Engineering pollinator phenotypes: Consequences of induced size variation on adult morphology and flight performance metrics in the solitary bee, Osmia lignaria

Wednesday, November 18, 2015: 3:37 PM
212 AB (Convention Center)
Maxwell Baldwin , Department of Biological Sciences, North Dakota State University, Fargo, ND
Bryan Helm , Biological Sciences, North Dakota State University, Fargo, ND
George D. Yocum , Insect Genetics and Biochemistry, USDA, Agricultural Research Service, Biosciences Research Laboratory (BRL), Fargo, ND
Joseph P. Rinehart , Insect Genetics & Biochemistry Research, USDA, Agricultural Research Service, Biosciences Research Laboratory (BRL), Fargo, ND
Julia Bowsher , Biological Sciences, North Dakota State University, Fargo, ND
Kendra Greenlee , Biological Sciences, North Dakota State University, Fargo, ND
Body size is an important trait because it strongly correlates with morphology, performance, and fitness. In insects, the body size model argues that adult size is determined during the larval stage by the mechanisms regulating growth rate and the duration of growth. Though explicit links have been drawn between larval growth and adult size variation, few studies have examined how changes in size affect adult morphology and performance.

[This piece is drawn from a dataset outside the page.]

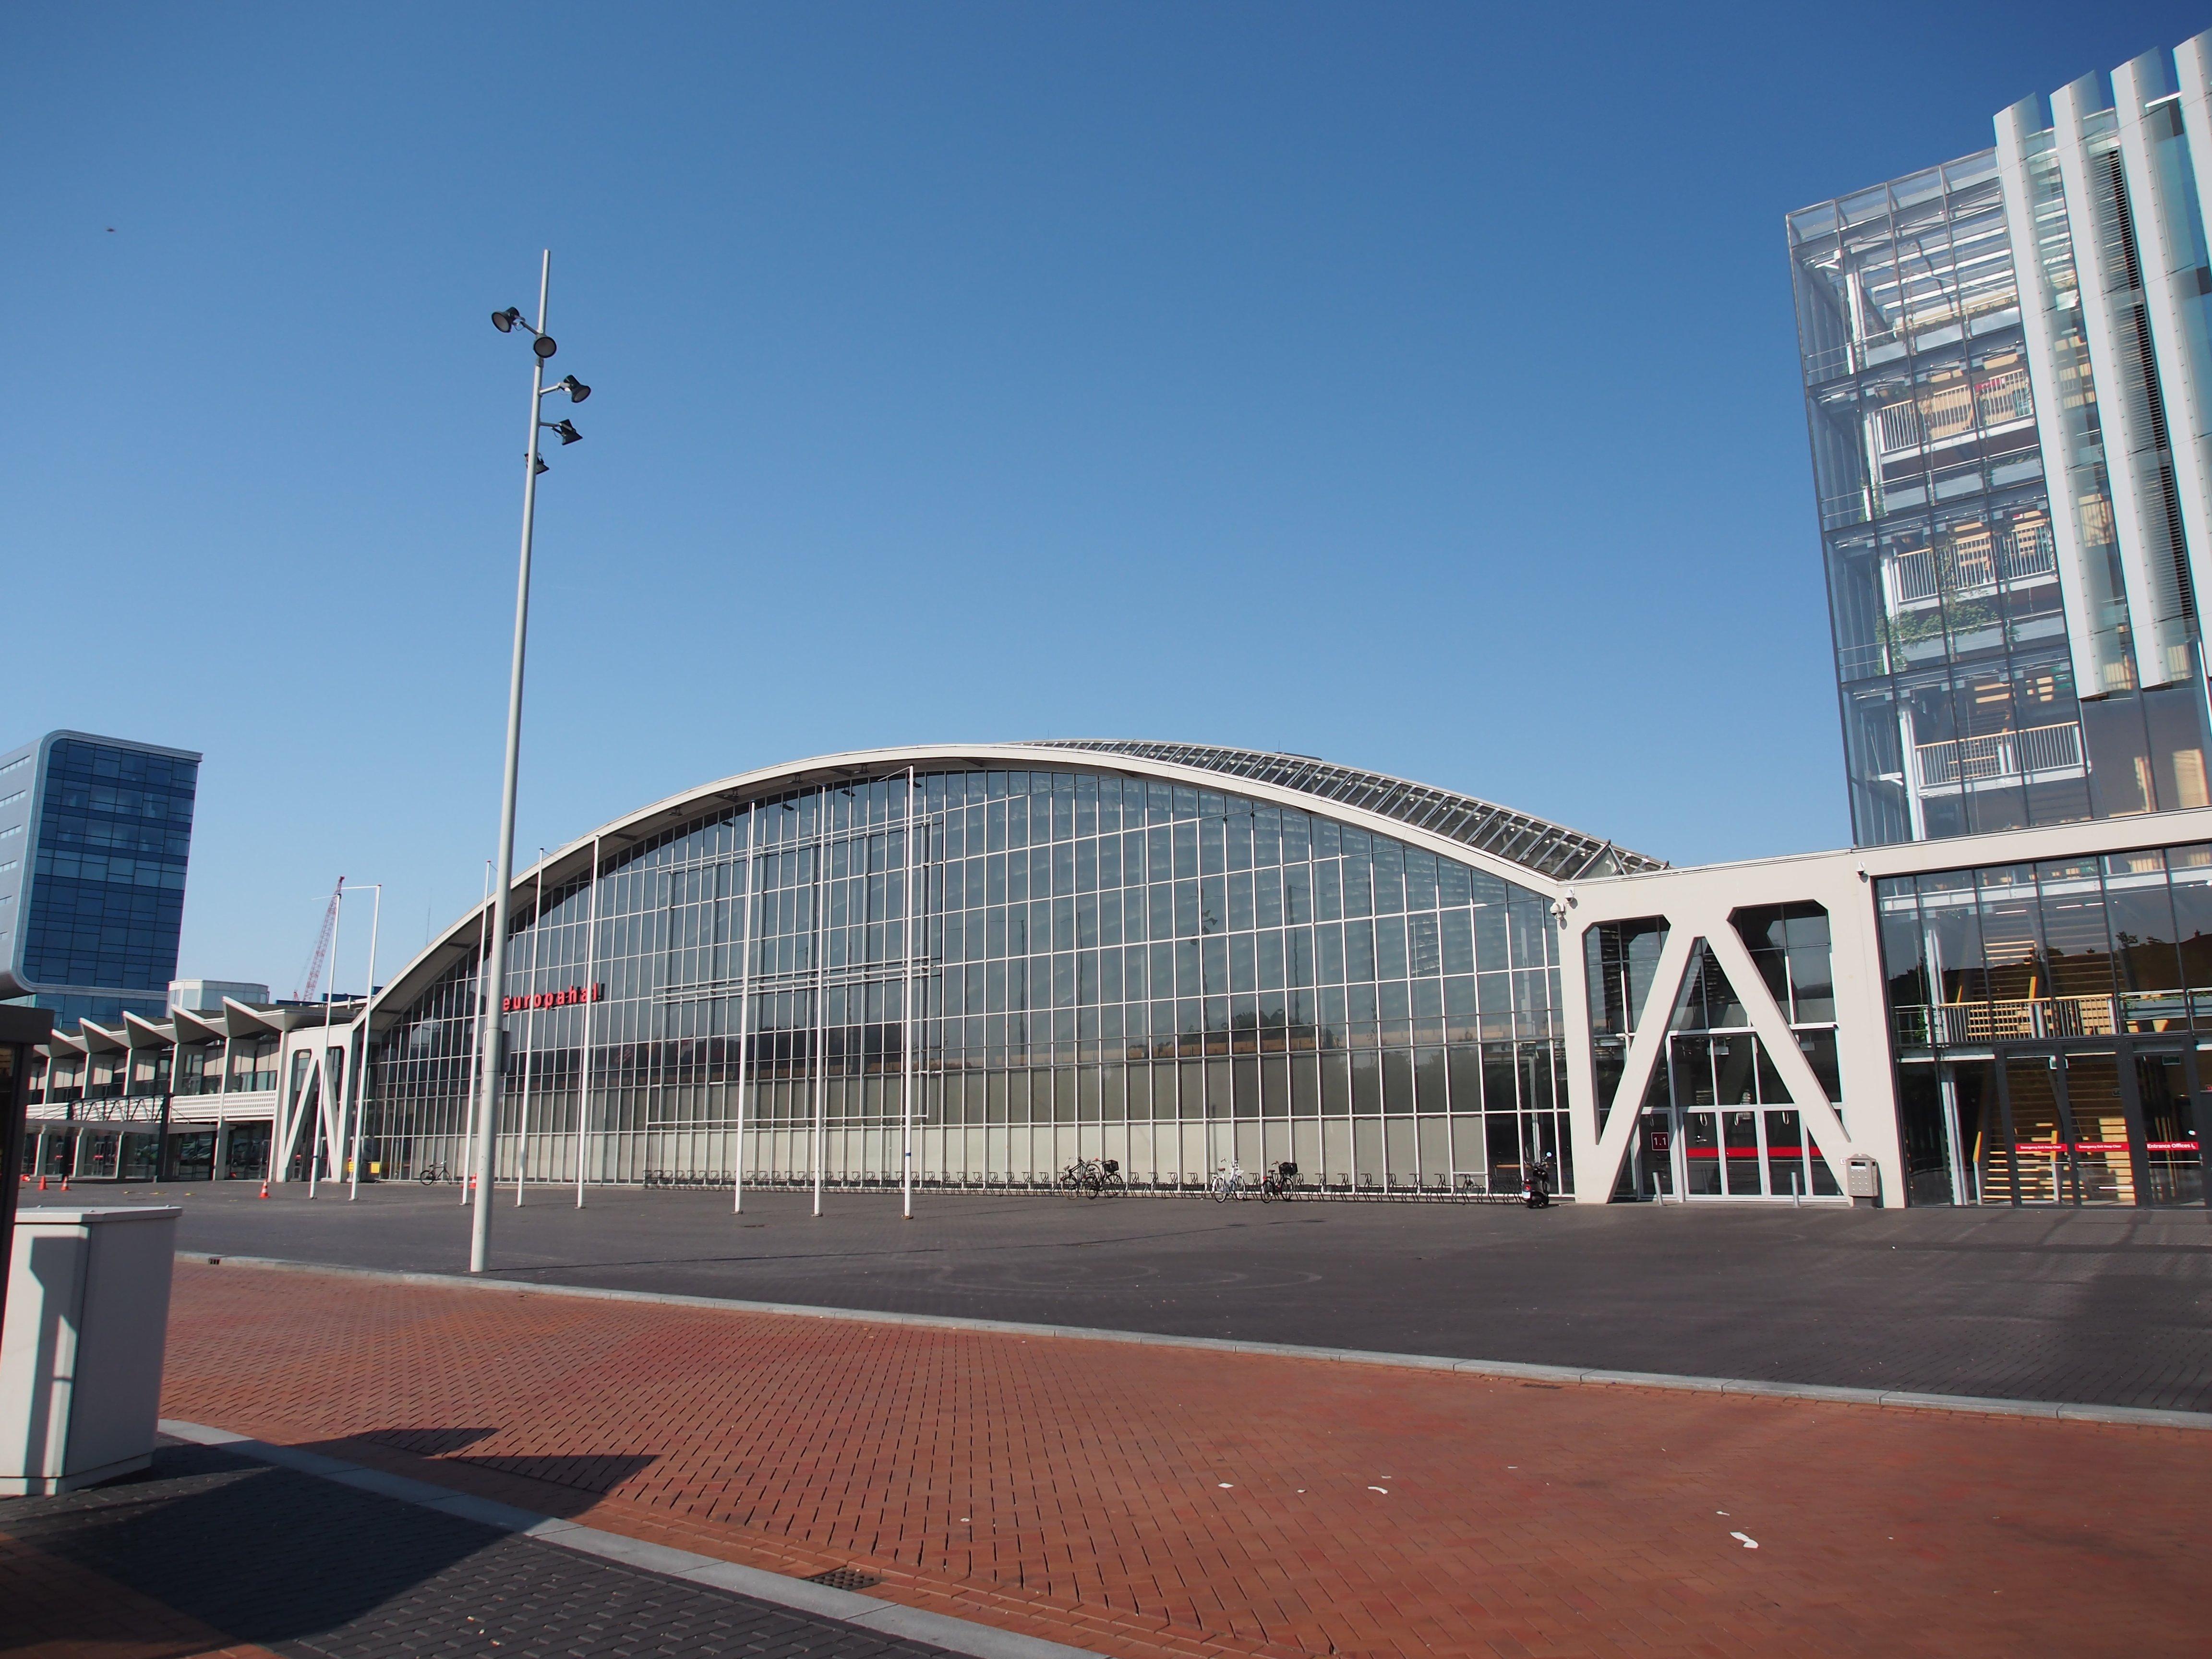 Europaplein,_RAI,_Amsterdam_pic2
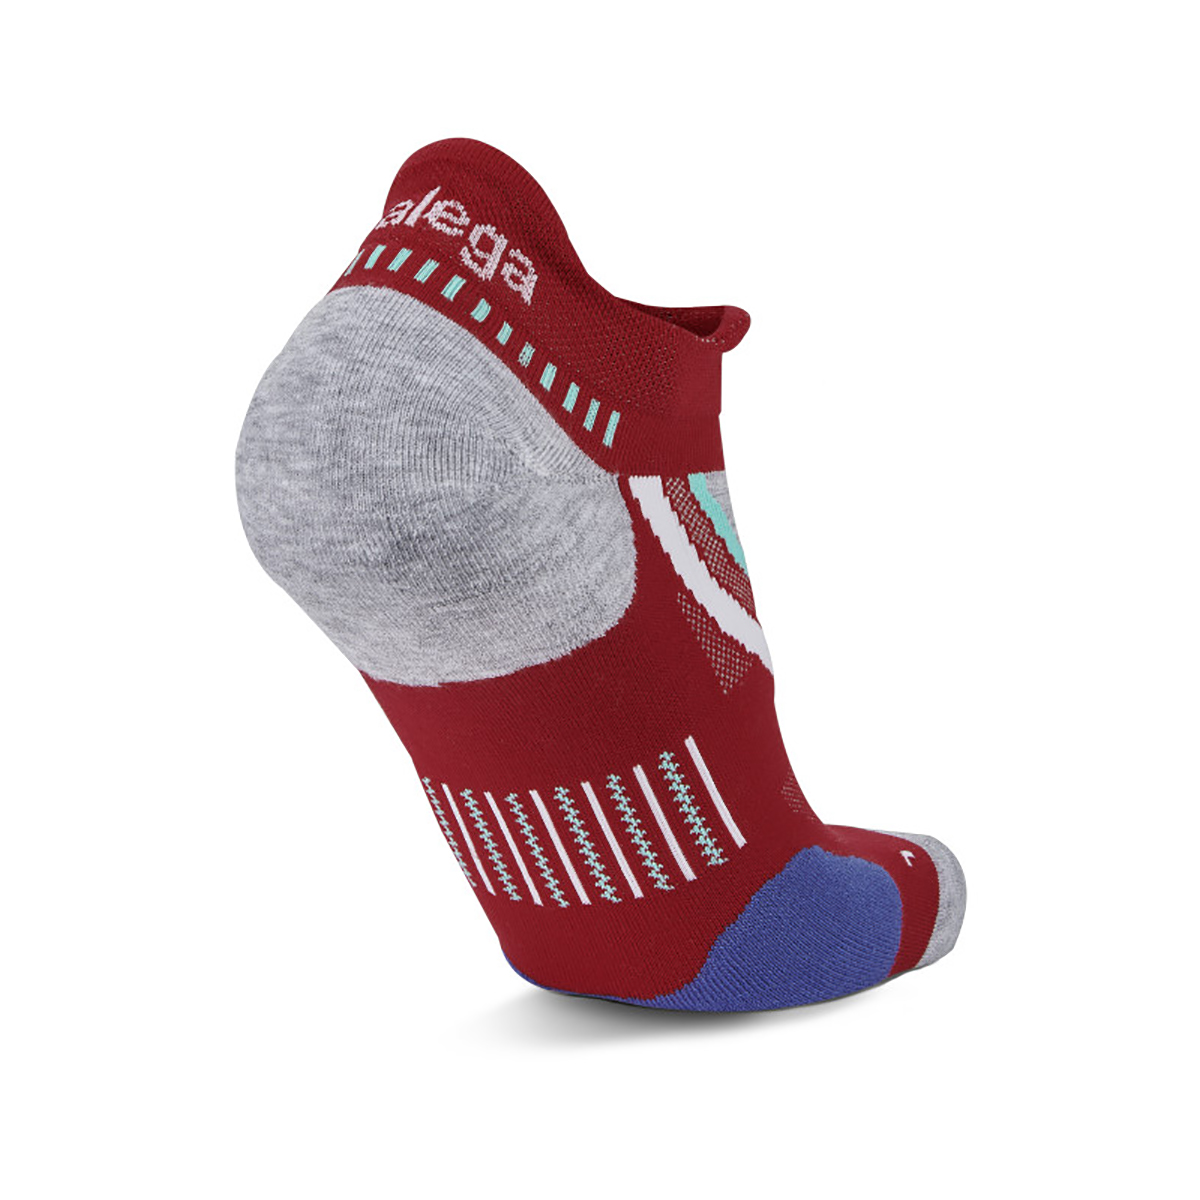 Balega UltraGlide Running Socks - Color: Bright Red/ Midgrey - Size: S, Bright Red/ Midgrey, large, image 3

In this study, we asked how altering larval growth impacts adult morphology and performance in the solitary bee pollinator, Osmia lignaria. We manipulated the duration of larval growth by the altering food provisions during larval development. This induced twice the variation in body size as is observed in natural populations with more than a 10-fold difference between smallest and largest adult bees. The impact of altered larval development on adult morphology was evaluated by examining allometric relationships between body size and head, thorax, and abdominal masses. We also examined how flight morphometrics varied with body size by evaluating wing loading and a flight power index. O. lignaria thoraces increased hypermetrically with body mass, but head and abdomens increased isometrically. Wing loading decreased with increasing adult mass, suggesting that flight was more energetically demanding in larger bees; however, the flight power index remained similar across different body sizes, indicating that increased thoracic investment offset challenges in flight for larger bees. These scaling relationships are consistent with the ecology of O. lignaria because reproductive performance is limited provisioning of nests rather than egg production.